- _TASK PROMPT_:
Write out, word for word and with no pictures, each line below from the one containing "プロテスタントダッシュ驚いたことにNadinola Discoloration Fade" through the one containing "Edition Limitée La", both included, and no other line.

── SOURCE MATERIAL

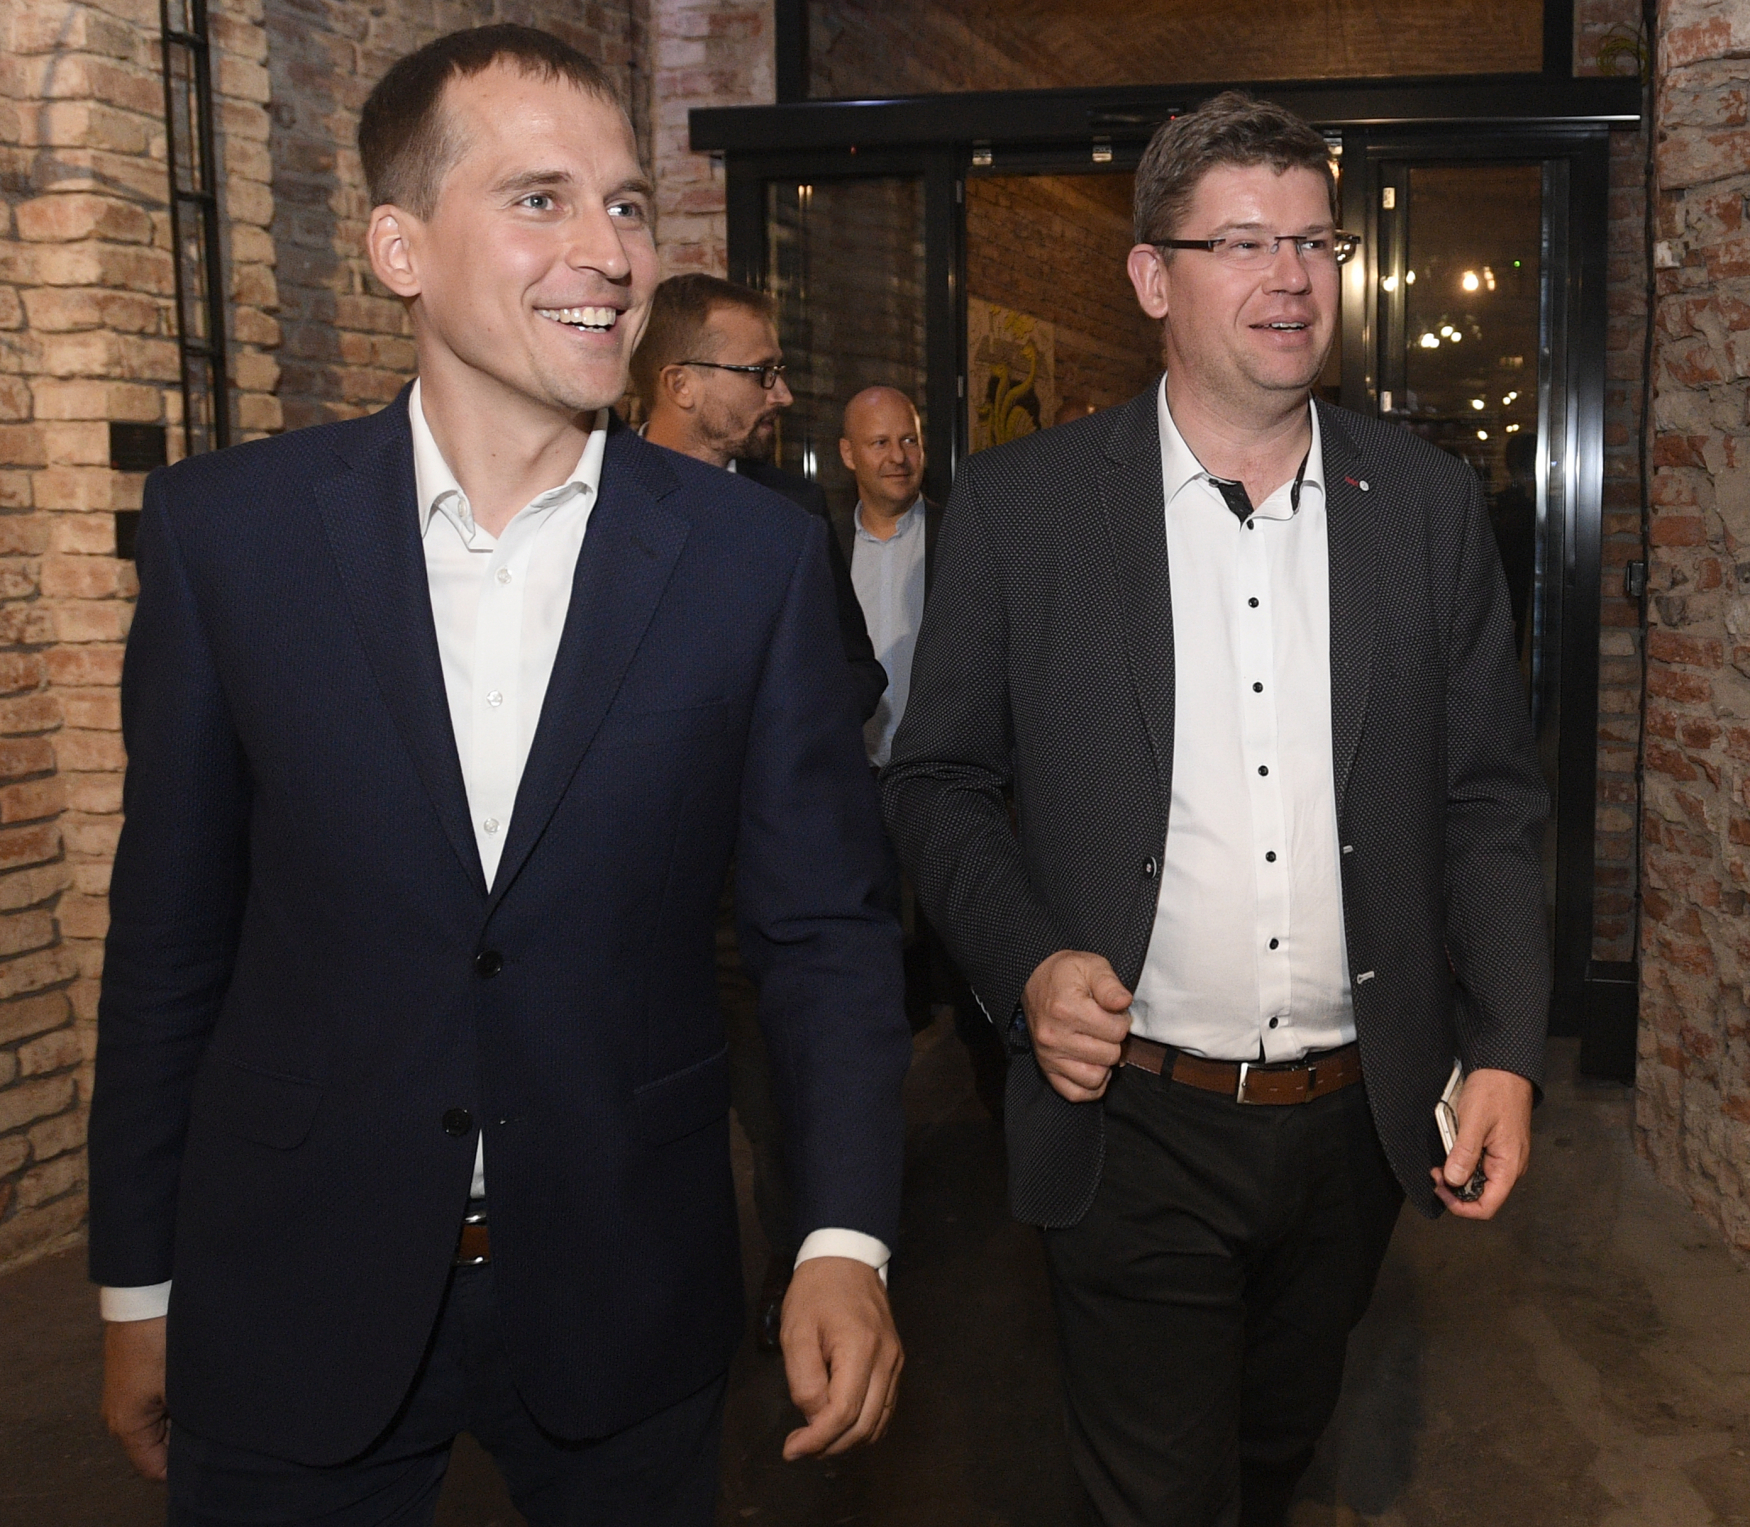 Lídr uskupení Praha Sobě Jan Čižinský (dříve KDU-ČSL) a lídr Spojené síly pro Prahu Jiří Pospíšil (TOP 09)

────
── SOURCE MATERIAL

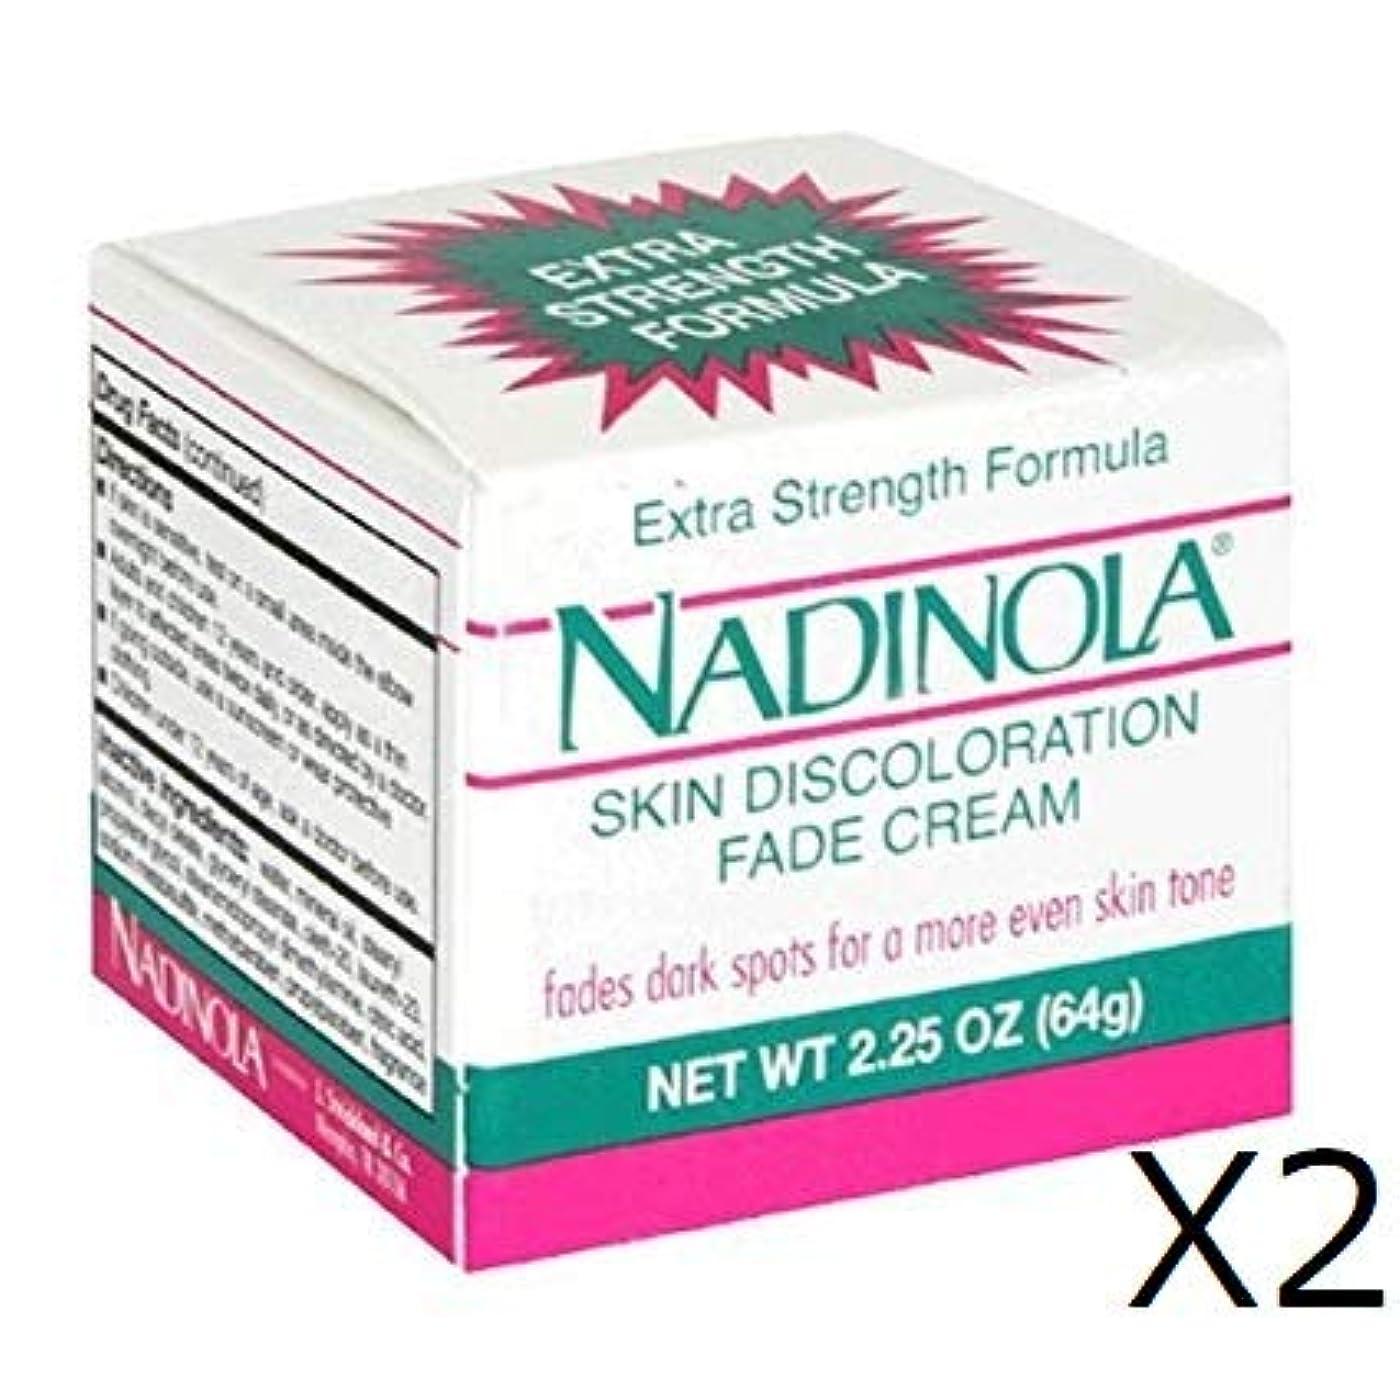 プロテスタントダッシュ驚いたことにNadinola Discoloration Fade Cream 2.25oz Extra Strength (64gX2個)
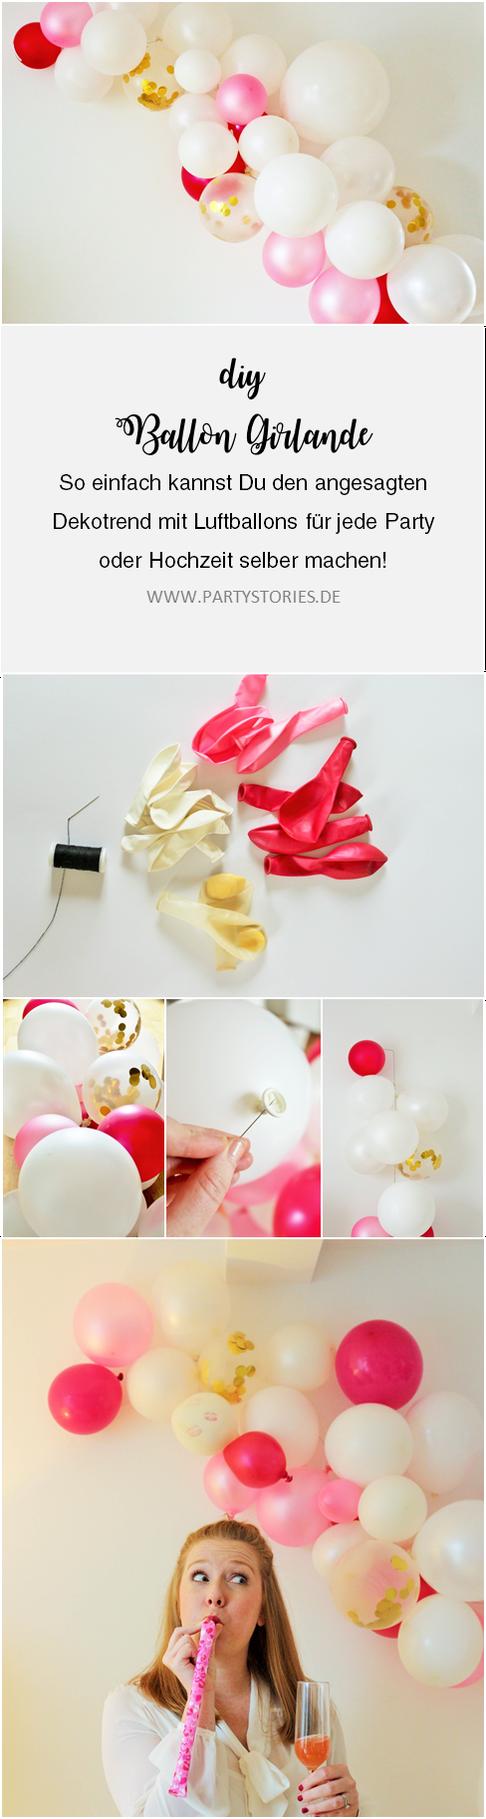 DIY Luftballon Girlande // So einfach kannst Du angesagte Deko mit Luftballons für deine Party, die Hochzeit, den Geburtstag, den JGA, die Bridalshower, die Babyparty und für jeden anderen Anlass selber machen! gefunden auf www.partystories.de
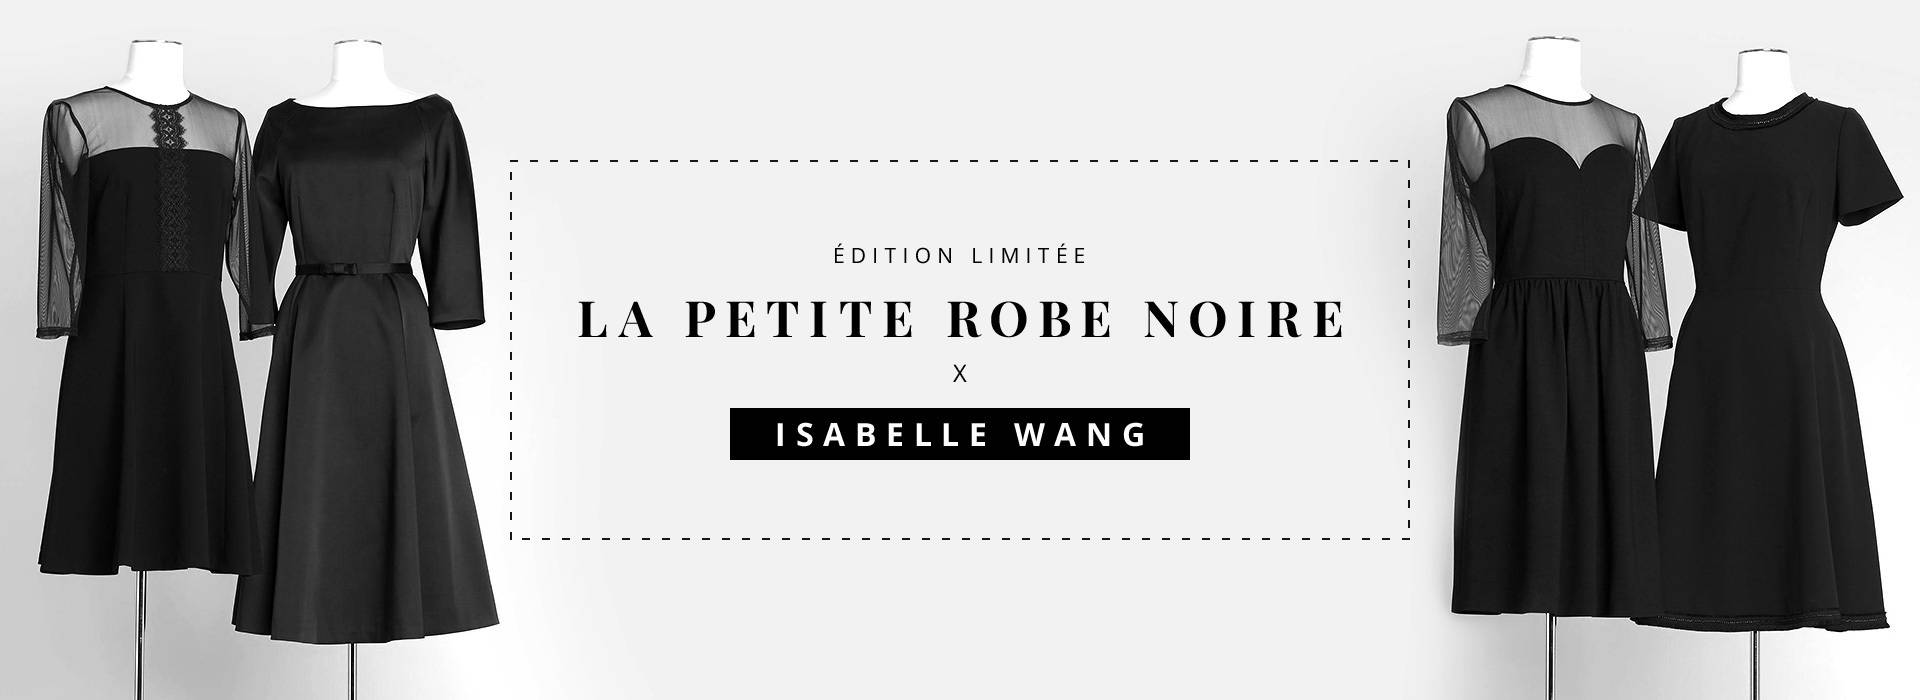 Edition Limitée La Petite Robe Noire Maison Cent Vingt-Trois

────

- _RESPONSE BOX_:
 プロテスタントダッシュ驚いたことにNadinola Discoloration Fade Cream 2.25oz Extra Strength (64gX2個)
 DIY Luftballon Girlande // So einfach kannst Du angesagte Deko mit Luftballons für deine Party, die Hochzeit, den Geburtstag, den JGA, die Bridalshower, die Babyparty und für jeden anderen Anlass selber machen! gefunden auf www.partystories.de
 Edition Limitée La Petite Robe Noire Maison Cent Vingt-Trois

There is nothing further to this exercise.